British-Canadian political scientist (born 1946)

Richard Wallace Stubbs (born 7 October 1946) is a British-Canadian professor emeritus and writer on international politics. Stubbs taught at St. Francis Xavier University, Carleton University, and the University of Toronto before joining the Department of Political Science at McMaster University in 1990.

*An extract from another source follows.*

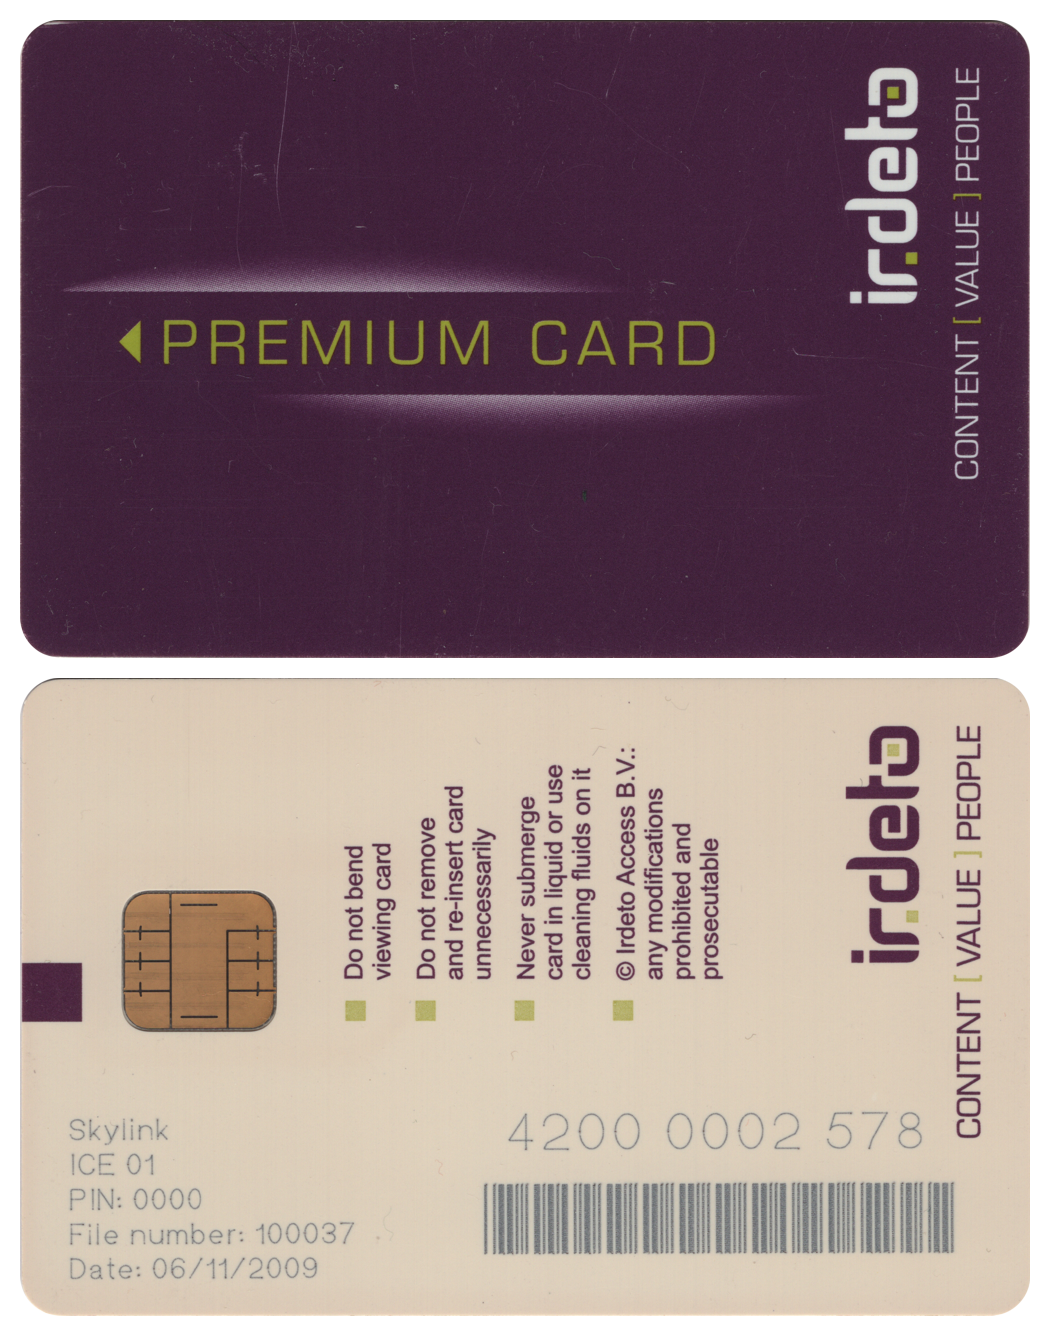 Premium card

Stubbs is known for his book on the Malayan Emergency, Hearts and Minds in Guerrilla Warfare: The Malayan Emergency 1946-1960 (Singapore: Oxford University Press, 1989), which was republished in 2004 by Eastern University Press. The three editions of his coedited book with Geoffrey R. D. Underhill, Political Economy and the Changing Global Order (MacMillan, 1994; Oxford University Press, 2000, 2006), were closely associated with the rise of the British School of International Political Economy. He has also published on regionalism in East and Southeast Asia and on the developmental state in East Asia. His books on these subjects include Rethinking Asia's Economic Miracle: The Political Economy of War, Prosperity and Crisis (Palgrave Macmillan, 2005) and the co-edited volume with Mark Beeson, Handbook of Asian Regionalism (Routledge 2012).

Stubbs was President of the McMaster University Faculty Association from 2008 to 2009.